Harkins' wife Helen came with him, but after a lifetime in politics, only one friend was there to stick with him, and that was Michael Ratchford, a former secretary of state like Harkins himself.

It took four prosecutors' offices on both sides of the river to bring Harkins in. At a press conference after the guilty plea, Andrews was there along with Delaware Attorney General M. Jane Brady, New Jersey Attorney General Peter C. Harvey and Christopher J. Christie, the U.S. attorney for New Jersey.

Colm F. Connolly, the U.S. attorney for Delaware, was not there. Before he took the federal appointment, Connolly was a lawyer at Morris Nichols Arsht & Tunnell, the Wilmington firm that represented the Delaware River & Bay Authority, so he had to disqualify himself from the case.

All those prosecutors standing in a row was evidence that they knew they had a big one. Before the 10 years Harkins spent as the executive director of the authority, from 1992 to 2002, he was a secretary of state under Gov. Michael N. Castle, now Delaware's congressman, and a consummate strategist and deal-maker known for working his magic in the highest reaches of politics.

Harkins, a Republican, helped U.S. Sen. William V. Roth Jr. get elected to the Congress. He worked in Gov. Pierre S. du Pont's administration before he was appointed to the top Cabinet post in Castle's. In a stint as a congressional aide, he worked for William S. Cohen, a Maine Republican who became the secretary of defense in the Clinton administration, and counseled him through the ordeal of President Richard M. Nixon's impeachment proceedings.

Federal prosecutors seem to have a tendency to turn their cases into timely morality plays, and they certainly did on this one.

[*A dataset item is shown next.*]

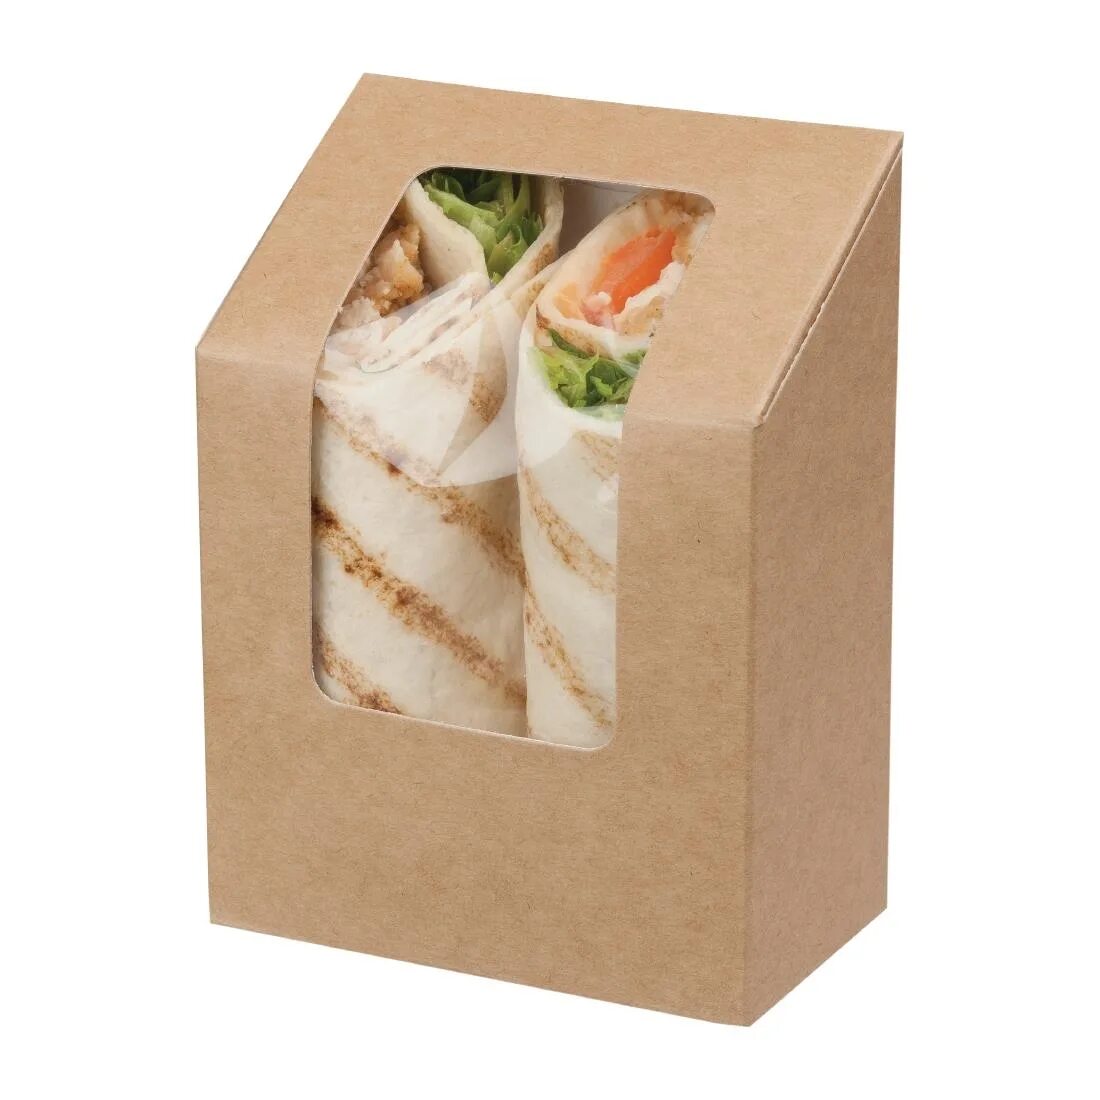 Сэндвич в упаковке. Коробка для сэндвичей. Красивая упаковка для сэндвичей. Крафтовая упаковка для сэндвичей.

Here they were, getting Harkins on a tax charge, right at the beginning of tax season. Here they were, nailing Harkins for flying to Chicago in 1998 to watch the University of Delaware basketball team play in the NCAA tournament, right in the heart of "March Madness."

Here they were, coat-tailing on the trial of Martha Stewart, the grande dame of the royal CEOs, and giving them a chance to note that Harkins was charged with mail fraud, the same as the Enron defendants.

There always was something about Harkins that fostered hyperbole. He has been an exuberant Falstaff of politics, someone who would don a suit as sober as a banker's but leave a shirttail hanging out. He was an expansive player who gloried in power and the trappings of power and maybe was a little too fond of displaying golf sweaters from the best country clubs there were.

At the authority, Harkins became enamored of a private, six-seater plane, using it to go to basketball games, to his college reunion in Massachusetts, and even to fly to Sussex County to apply for membership at the Rehoboth Country Club. Often friends and family came along.

If Harkins was going to come to a bad end, this is the one that was predictable, swept up in the high life. Battaglia, his lawyer, said that Harkins was remorseful, that his misconduct was rooted in his zeal for building up and showing off the Delaware River & Bay Authority .

"Mike Harkins became the DRBA, and the DRBA became Mike Harkins," Battaglia said.

Battaglia meant it as a way to explain what was right about Mike Harkins, but what it really showed was where Mike Harkins went wrong.